Information provided Block Start

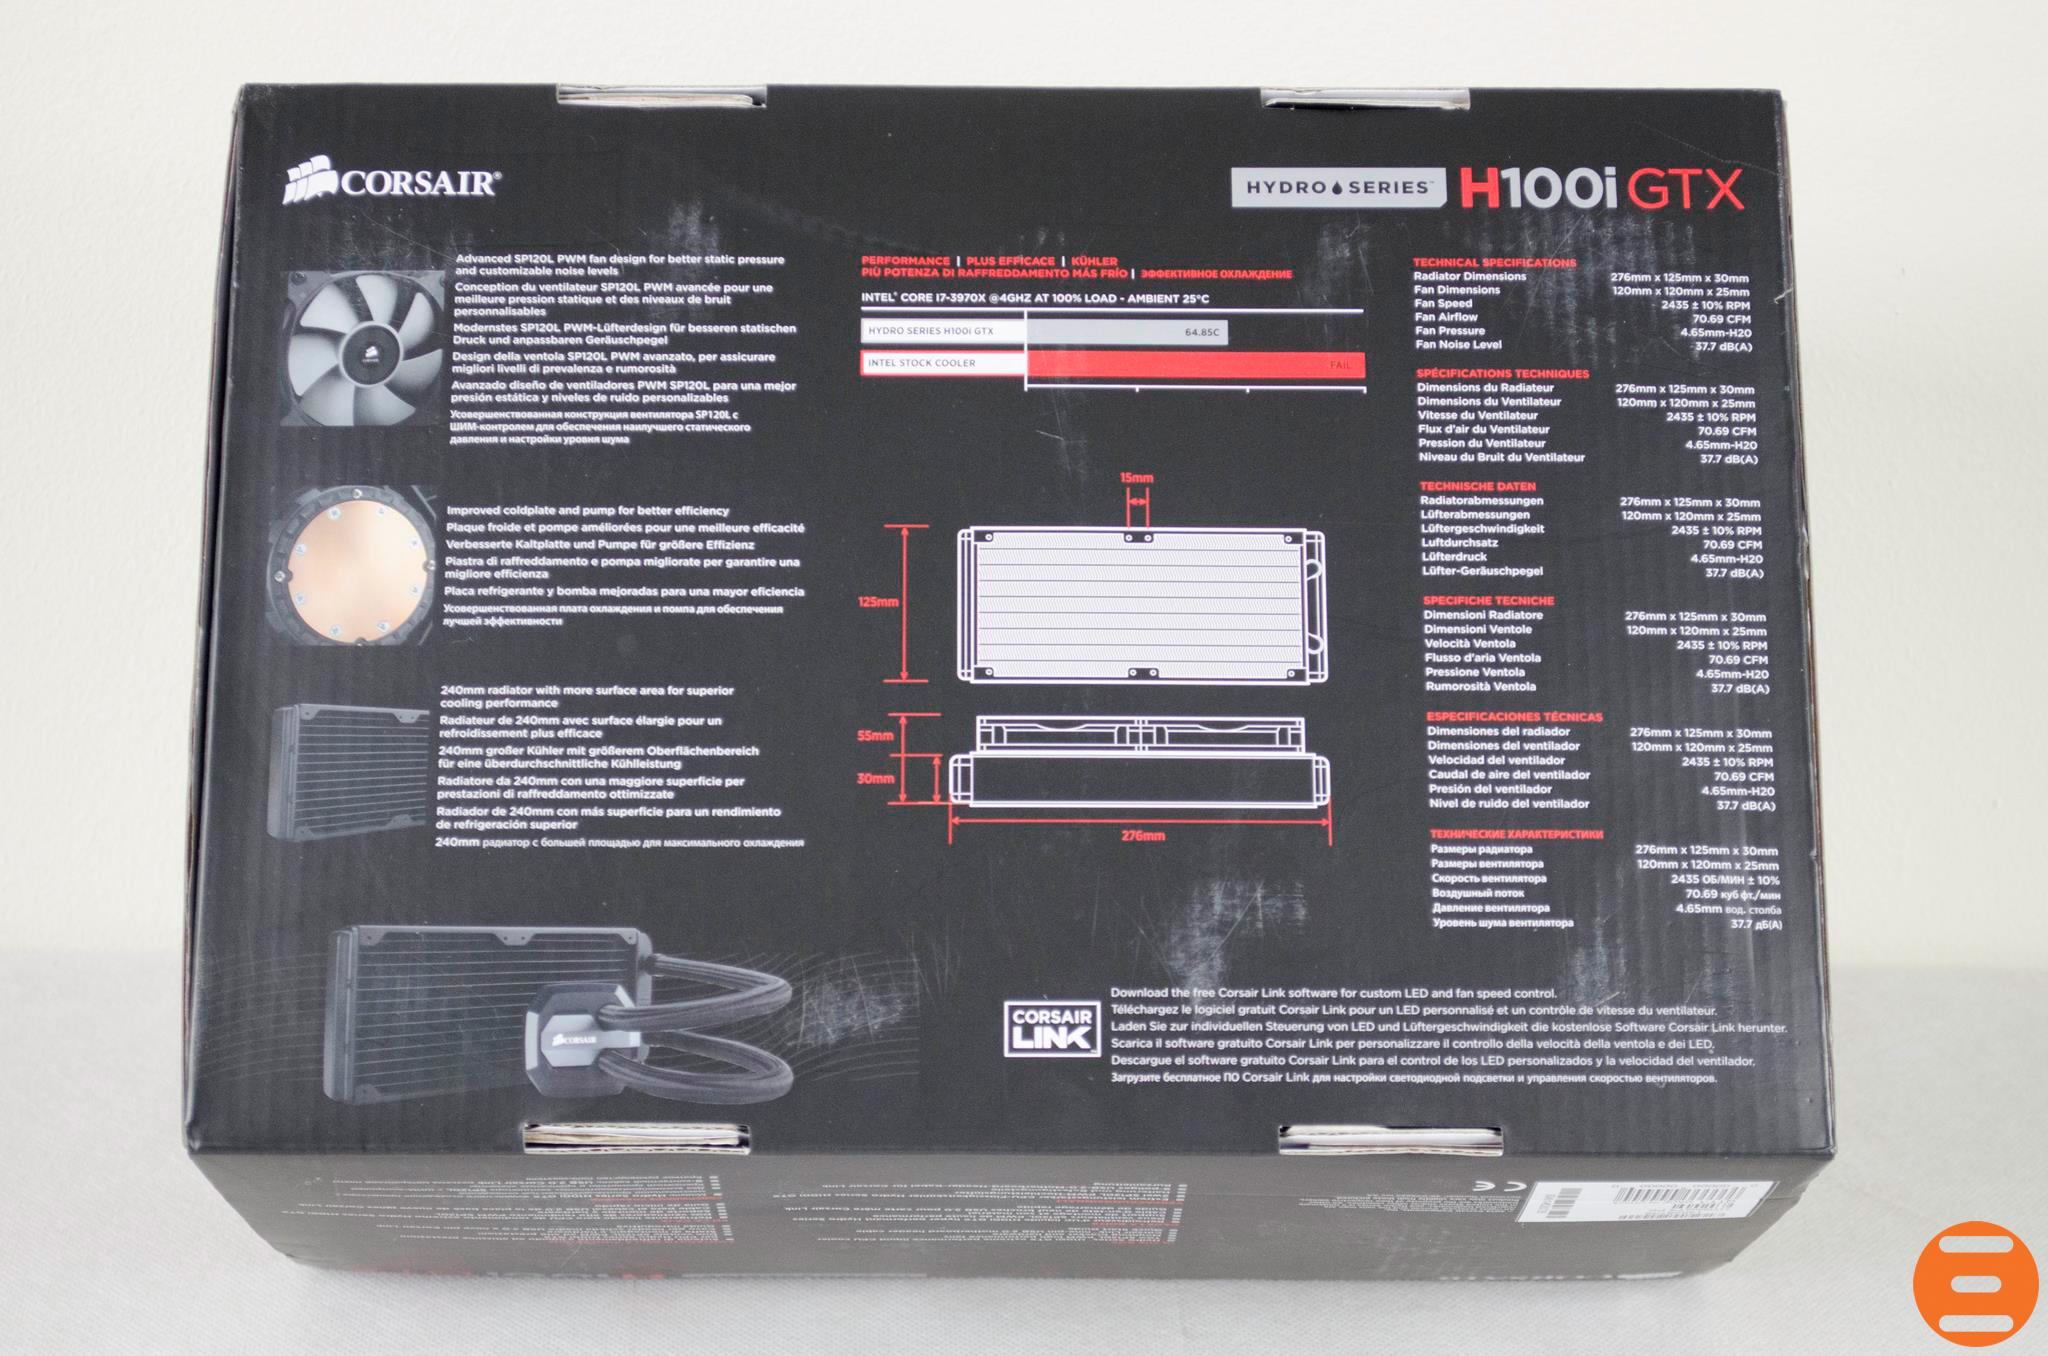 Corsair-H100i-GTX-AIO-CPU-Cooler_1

Information provided Block End
Information provided Block Start

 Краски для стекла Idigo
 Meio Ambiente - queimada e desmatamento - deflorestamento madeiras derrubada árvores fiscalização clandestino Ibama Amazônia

Information provided Block End

**Action item:** Reproduce exactly, and only, the part of the listing above that begins at the line with "Краски для стекла Idigo" and goes on through the line with "Meio Ambiente - queimada".

**Result for this exercise:**
 Краски для стекла Idigo
 Meio Ambiente - queimada e desmatamento - deflorestamento madeiras derrubada árvores fiscalização clandestino Ibama Amazônia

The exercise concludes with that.